Наконец, нужно понимать, что чрезмерное потребление имело и важный демографический аспект. Современная экономика ориентирована на возможность выживания в одиночку; семьи стали менее устойчивыми, люди более мобильными, детей стало рождаться меньше, но и внимания им в развитых странах стало уделяться больше. Разрыв в тратах на детские товары, образование и развлечения между богатыми и бедными странами — самый большой среди всех других категорий потребления. Если поствирусная экономика предполагает «возвращение к основам», она должна переломить демографические тренды, вернуть большие и межпоколенческие семьи, позволяющие заметно экономить на потреблении, заставить родителей сидеть с детьми. Ничего из этого не представляется возможным: ни экономическая целесообразность, ни даже беспокойство за выживание планеты не смогут побороть длинных демографических трансформаций.
Полезная сложность
Эпидемия пришла в мир, который представлял собой не просто удобное место для жизни, но и достаточно высокоорганизованную систему. Ликвидные средства, которыми располагают жители Земли, не превышают 6–7% из $360 трлн глобального богатства, или $3 тыс. с небольшим на человека. Все остальное — это либо имущество, либо производственные фонды, либо взаимные обязательства. Воспользоваться этим богатством можно, только восстановив все нарушенные связи и структуры с наименьшими изменениями — и это единственное и неизбежное, что останется сделать человечеству в первые же месяцы после завершения эпидемии.

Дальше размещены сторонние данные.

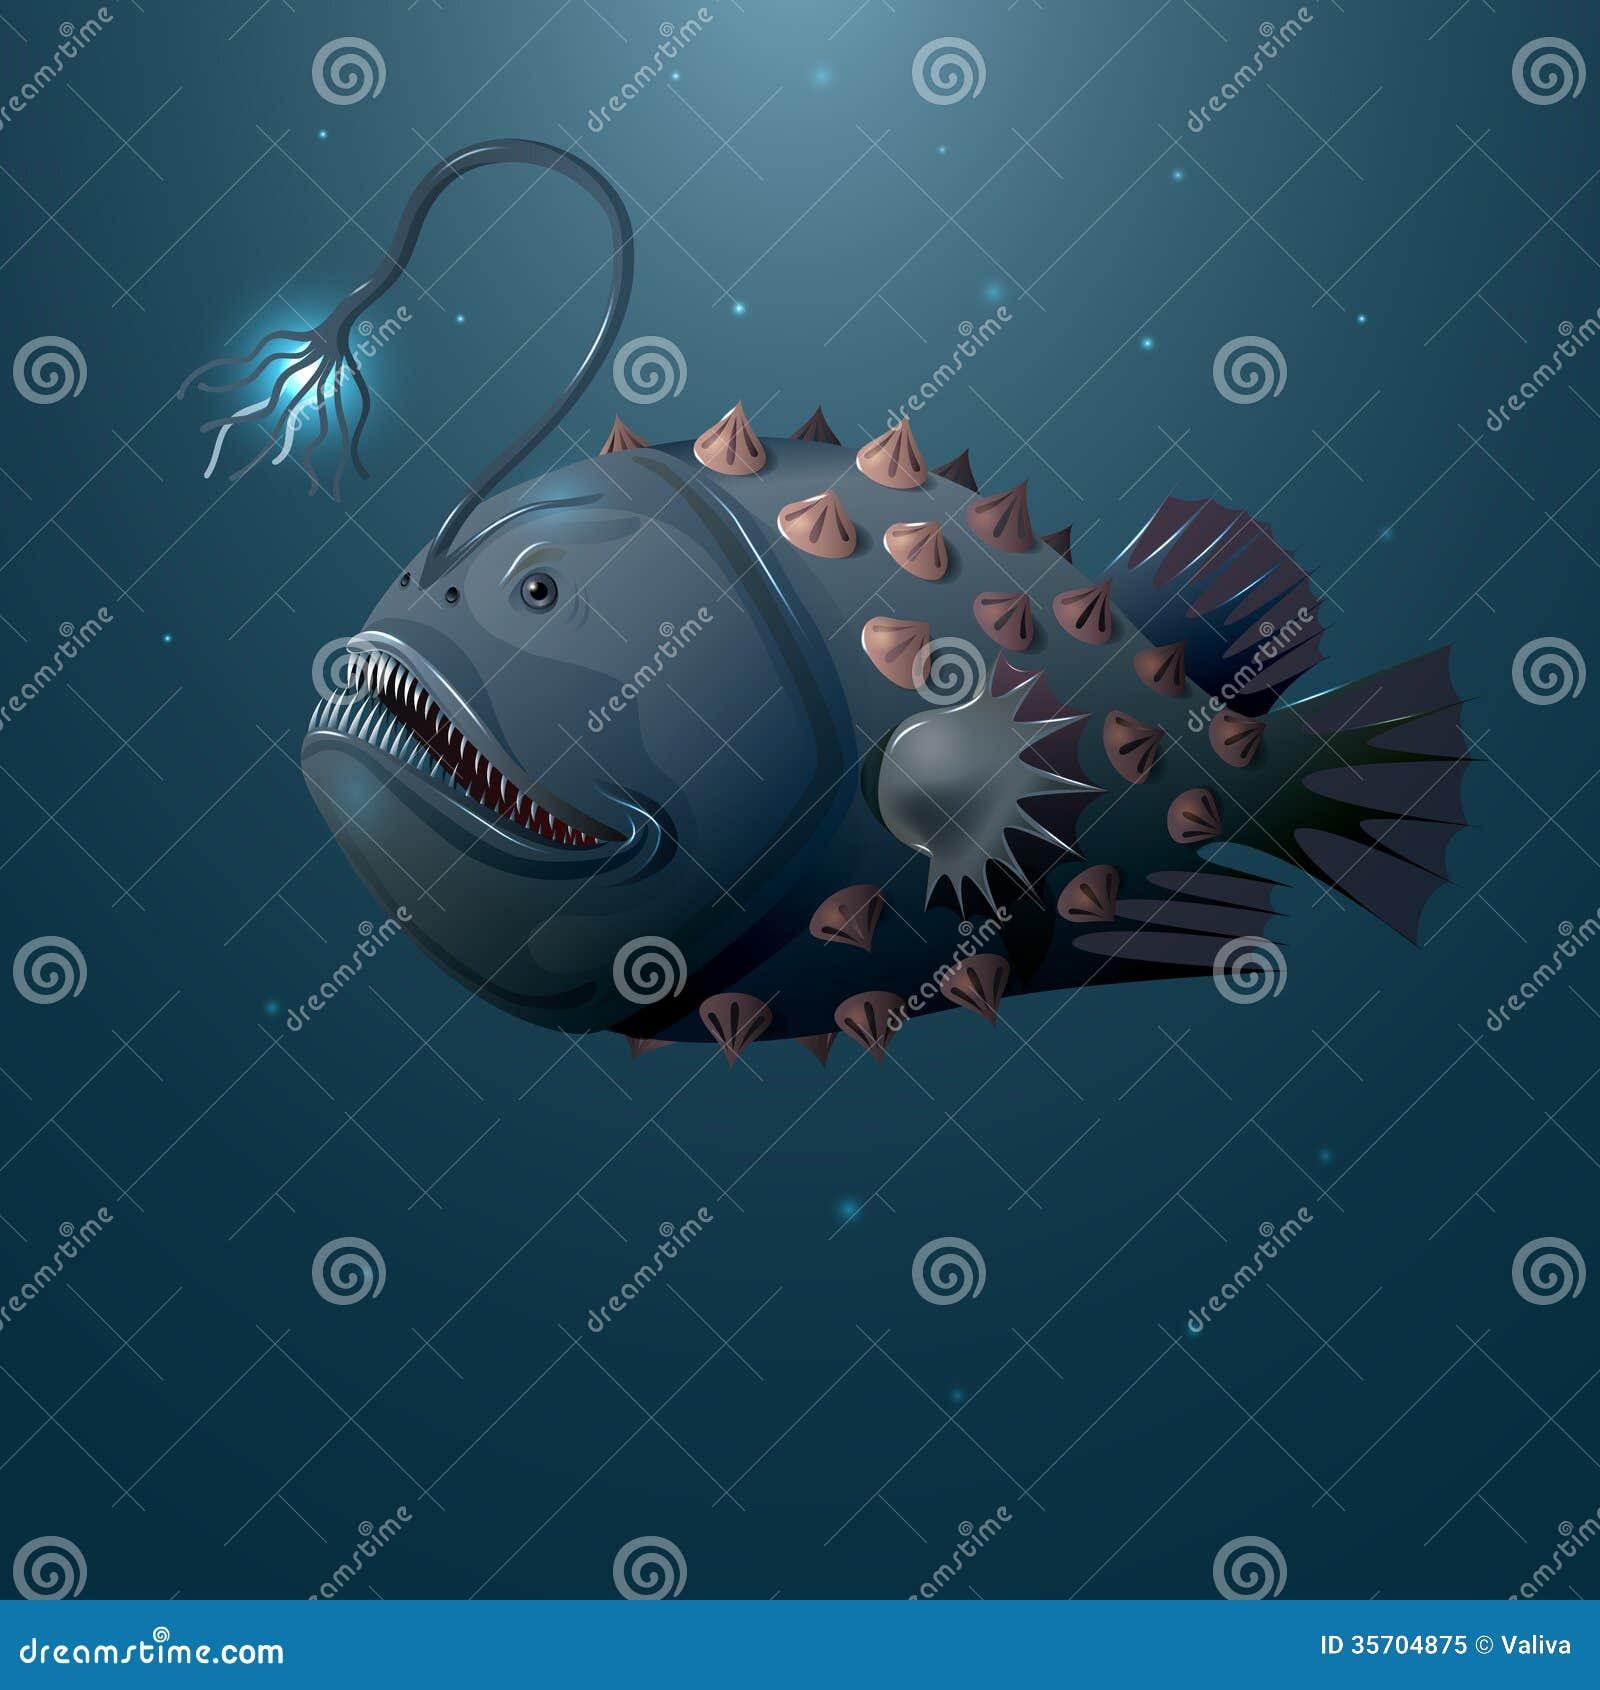 Angler fish stock vector image of flash dark aquatic for Deep water fish

Поэтому мир начала 2020-х годов будет до обидного мало отличаться от мира конца 2010-х. Это не значит, что люди не вынесут из кризиса уроков. Мир изменится, но скорее ментально, чем материально. Пандемия показала нам многие черты того мира, который может быть построен в отдаленной перспективе. Биотехнологии, несомненно, сменят информационные в качестве основного драйвера экономики: первые будут воплощаться во все более уникальных и дорогих продуктах, а продукция последних скоро превратится в общественное благо. Общество станет более атомизированным, а люди — более приспособленными к выживанию поодиночке. Торговля начнет замыкаться в рамках региональных объединений, которые будут все больше походить на отдельные большие страны. Случится много чего еще, но явно не произойдет одного: снижения сложности человеческой цивилизации, сокращения разнообразия поведенческих паттернов, примитивизации потребления. От движения назад нас удержат созданные структуры повседневности, а движение вперед по-прежнему будет определяться стремлением к большей свободе, которое только укрепится после встречи с полезными или бессмысленными ограничениями времен пандемии.